--- SOURCE MATERIAL ---
━━━━━━━━

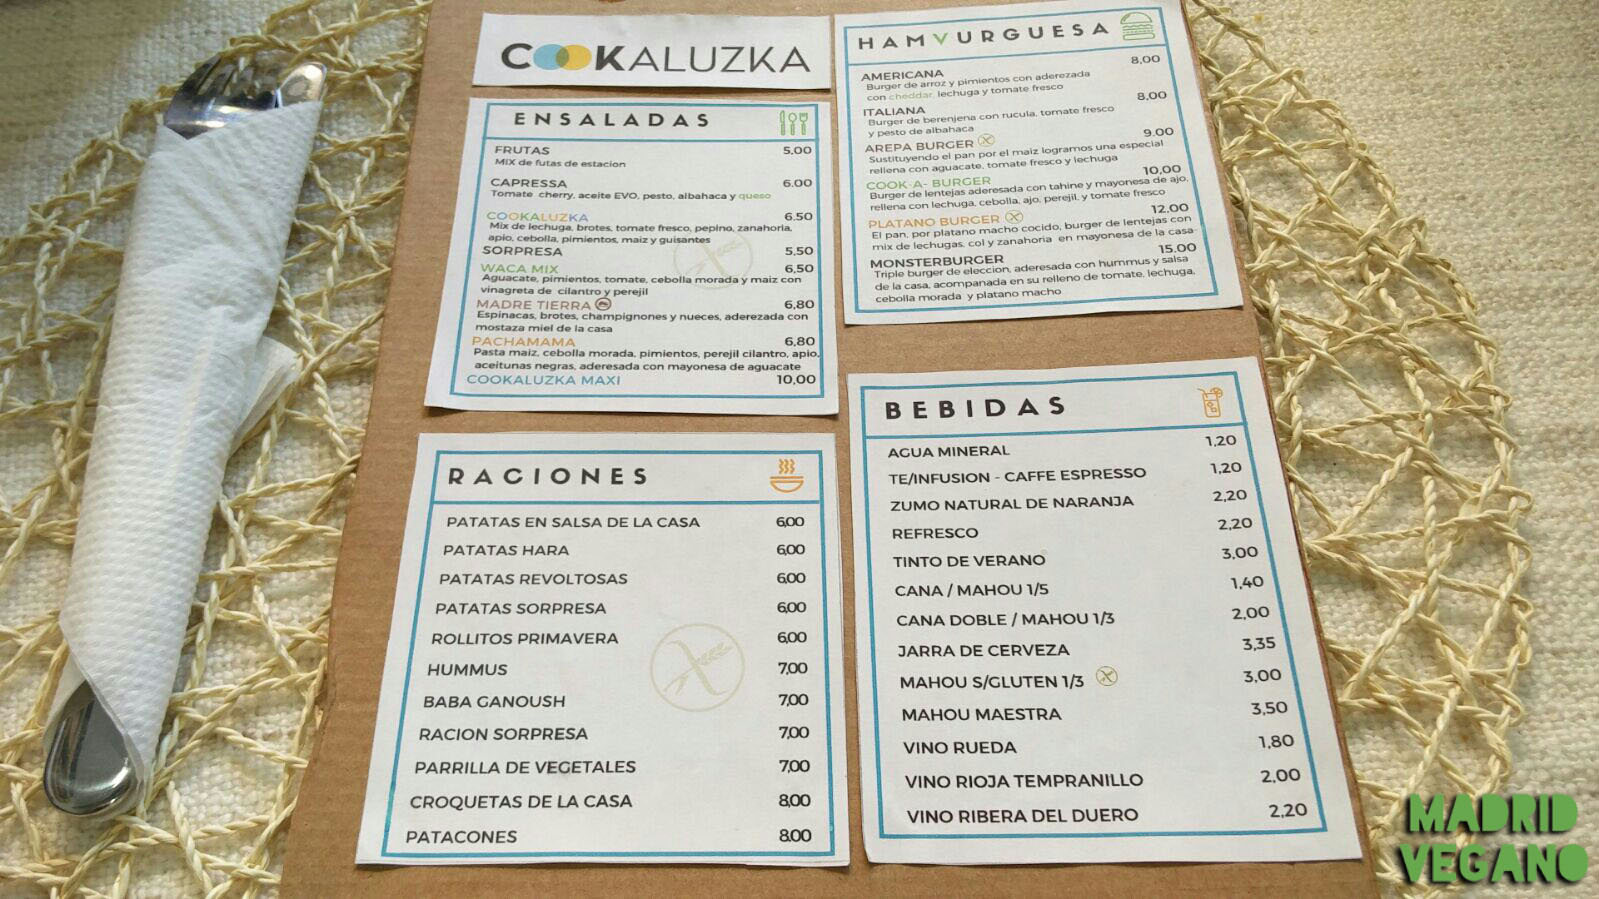 Cookaluzka, cocina vegana con un toque venezolano en Madrid
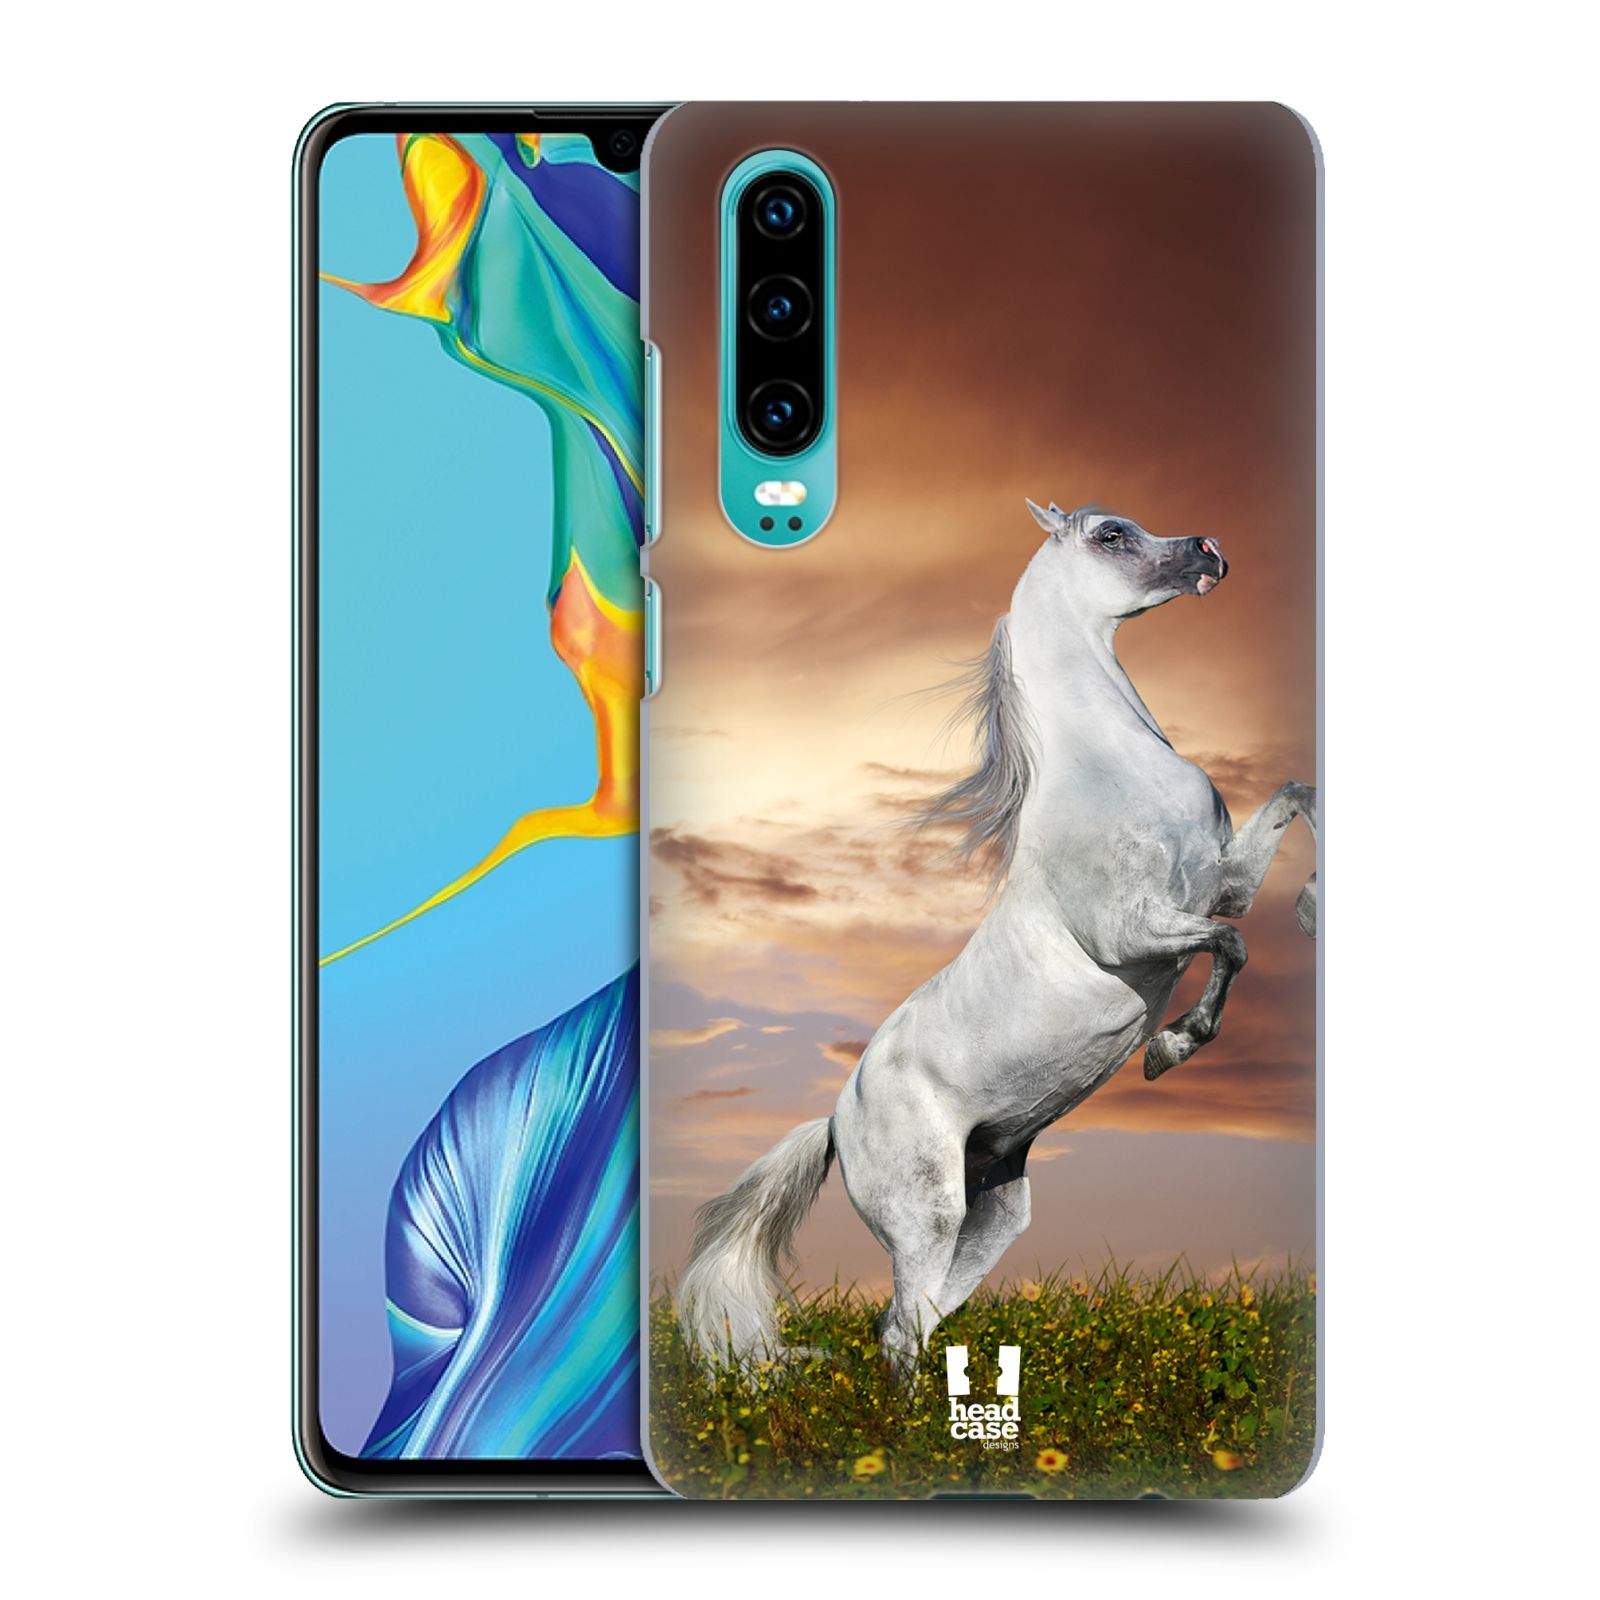 Zadní obal pro mobil Huawei P30 - HEAD CASE - Svět zvířat divoký kůň
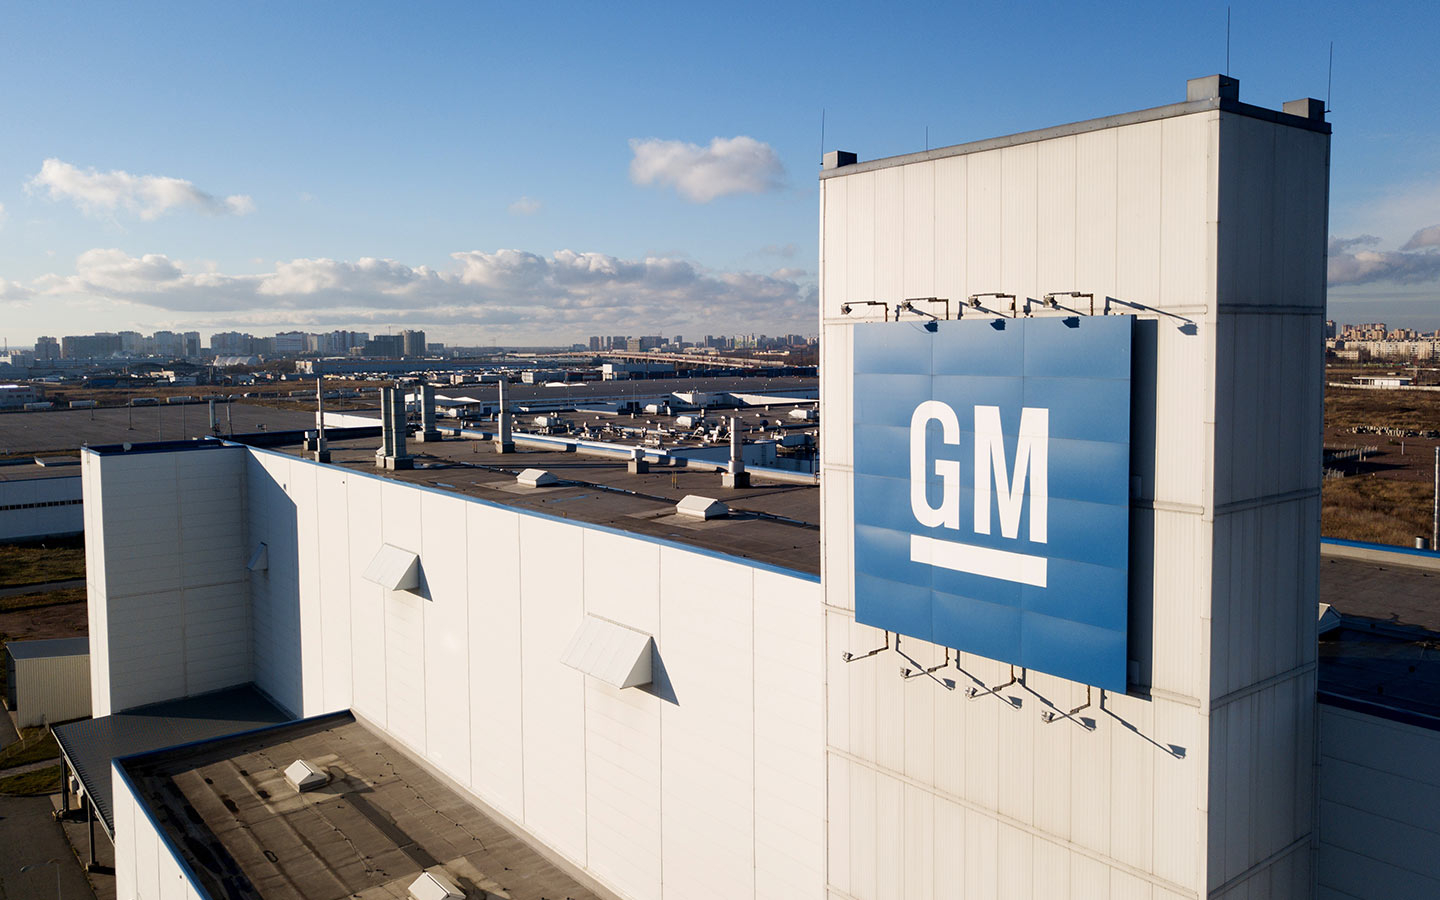 General Motors превратит два своих легендарных авто в электромобили

━━━━━━━━

--- WHAT YOU SHOULD DO ---
The expected response is every line of the material, written out exactly, with the images removed.

--- RESPONSE FOR THIS EXERCISE ---
 Cookaluzka, cocina vegana con un toque venezolano en Madrid
 Zadní obal pro mobil Huawei P30 - HEAD CASE - Svět zvířat divoký kůň
 General Motors превратит два своих легендарных авто в электромобили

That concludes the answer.